:: AIM OF THE EXERCISE ::
Below is a listing with pictures in it; transcribe exactly the lines from the one that has "Шланг тормозной A.B.S. SL 5655" through the one that has "Vita Coco Organic", and omit those pictures.

:: RECORDS FOR THIS EXERCISE ::
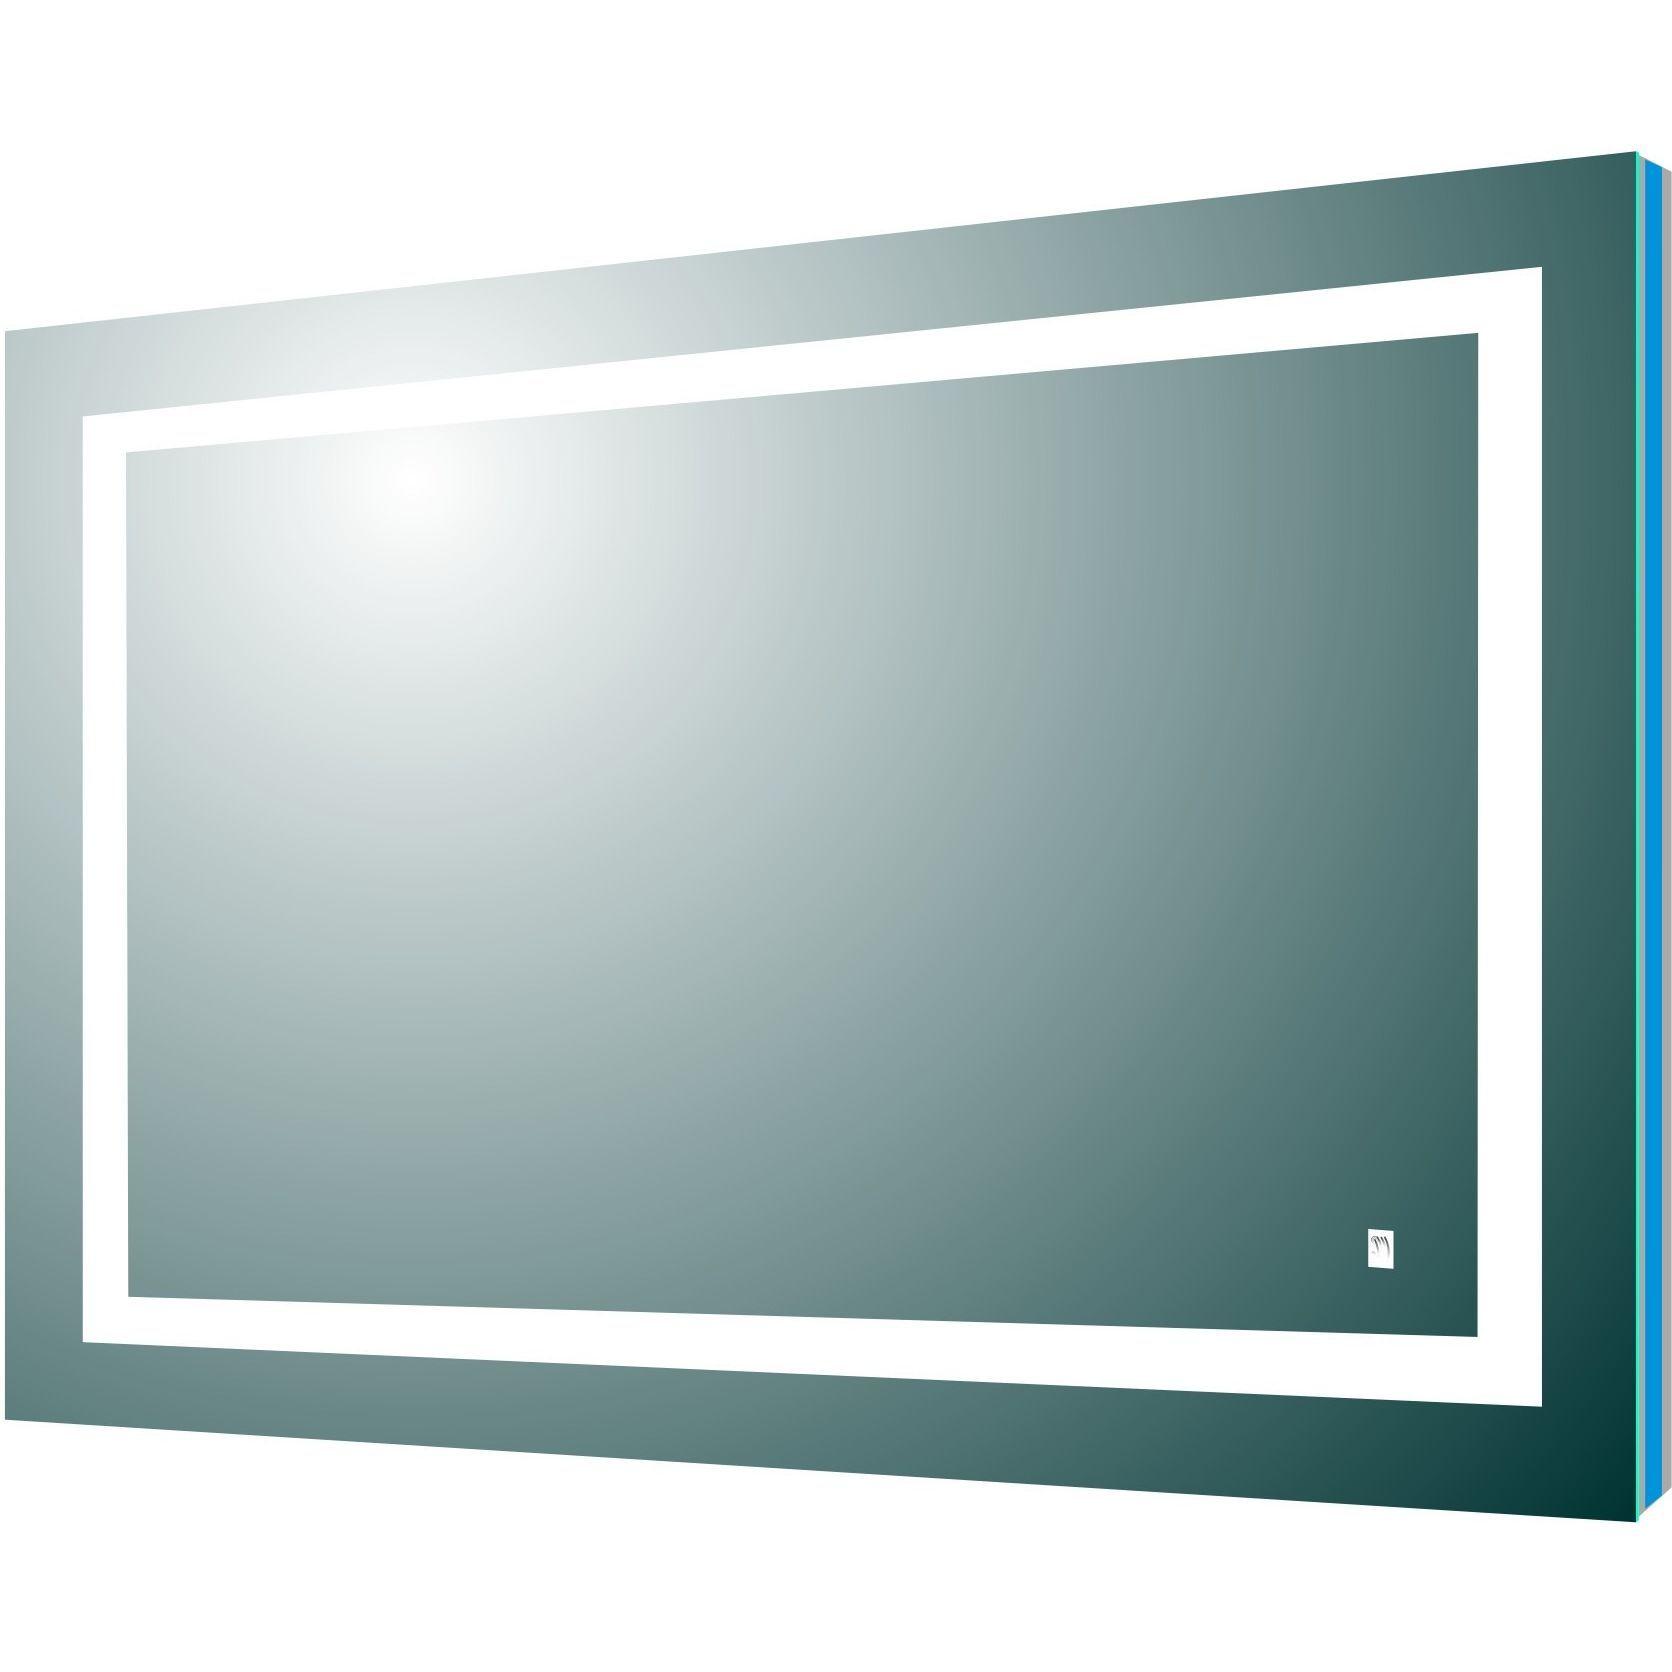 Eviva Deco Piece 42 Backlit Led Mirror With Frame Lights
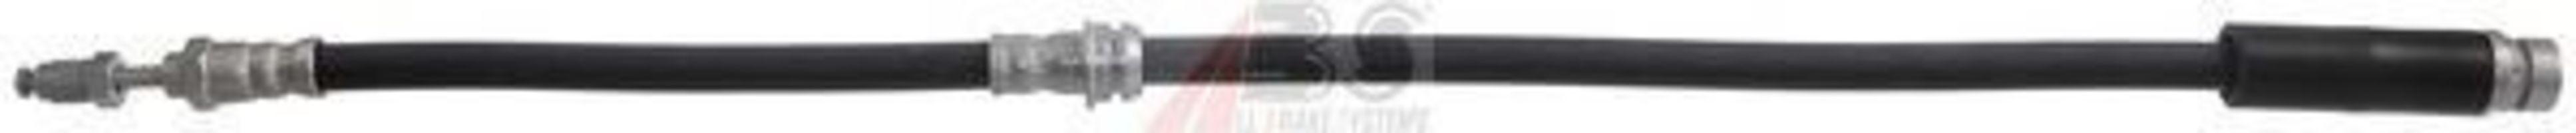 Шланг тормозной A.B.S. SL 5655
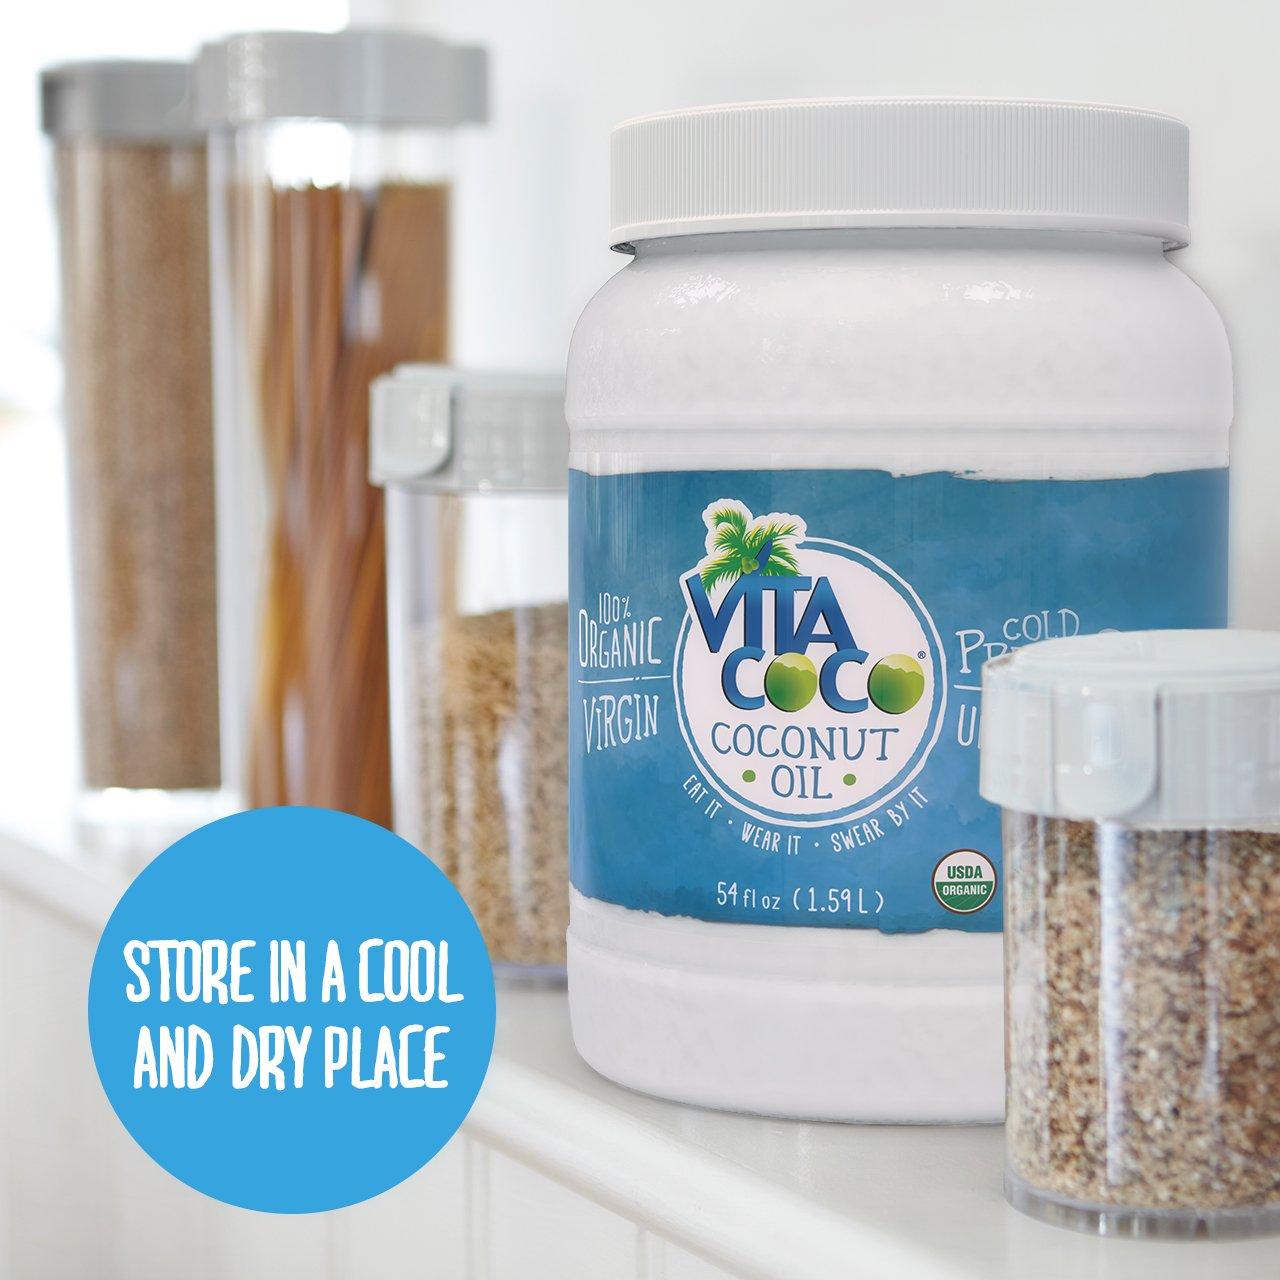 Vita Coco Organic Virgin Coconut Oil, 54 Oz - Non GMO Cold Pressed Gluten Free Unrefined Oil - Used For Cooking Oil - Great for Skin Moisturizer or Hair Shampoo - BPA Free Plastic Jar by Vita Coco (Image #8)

* * *

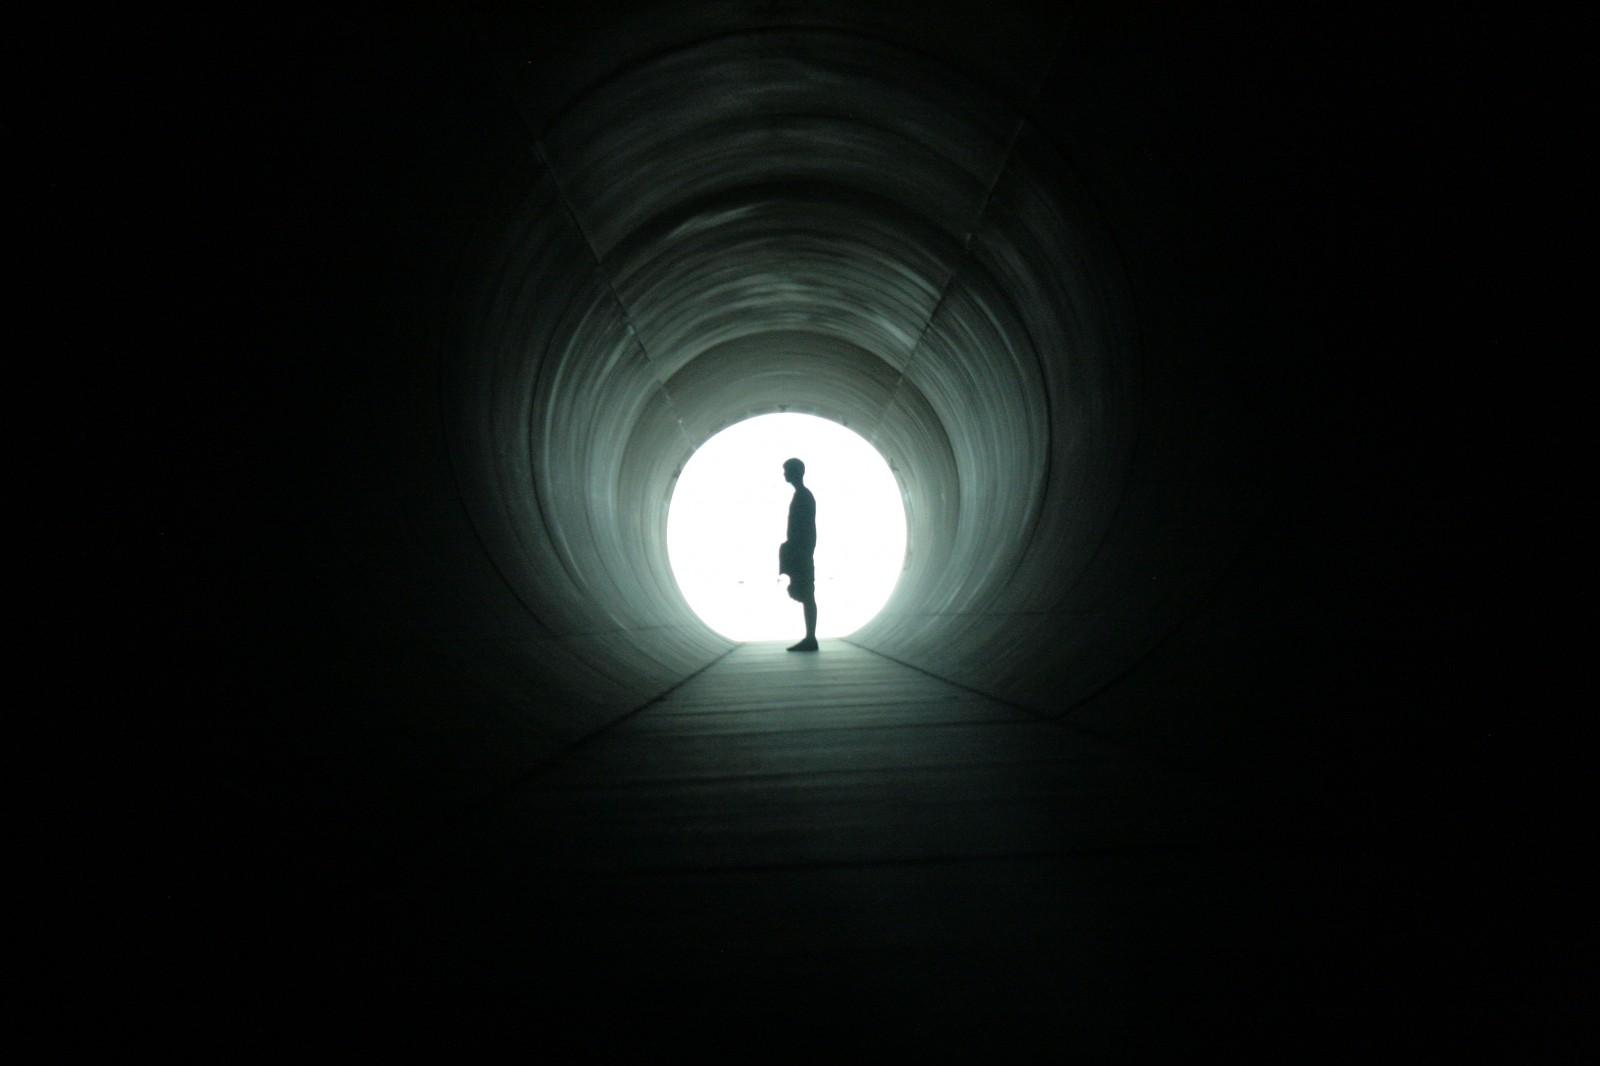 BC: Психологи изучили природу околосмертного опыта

:: ANSWER SECTION ::
 Шланг тормозной A.B.S. SL 5655
 Vita Coco Organic Virgin Coconut Oil, 54 Oz - Non GMO Cold Pressed Gluten Free Unrefined Oil - Used For Cooking Oil - Great for Skin Moisturizer or Hair Shampoo - BPA Free Plastic Jar by Vita Coco (Image #8)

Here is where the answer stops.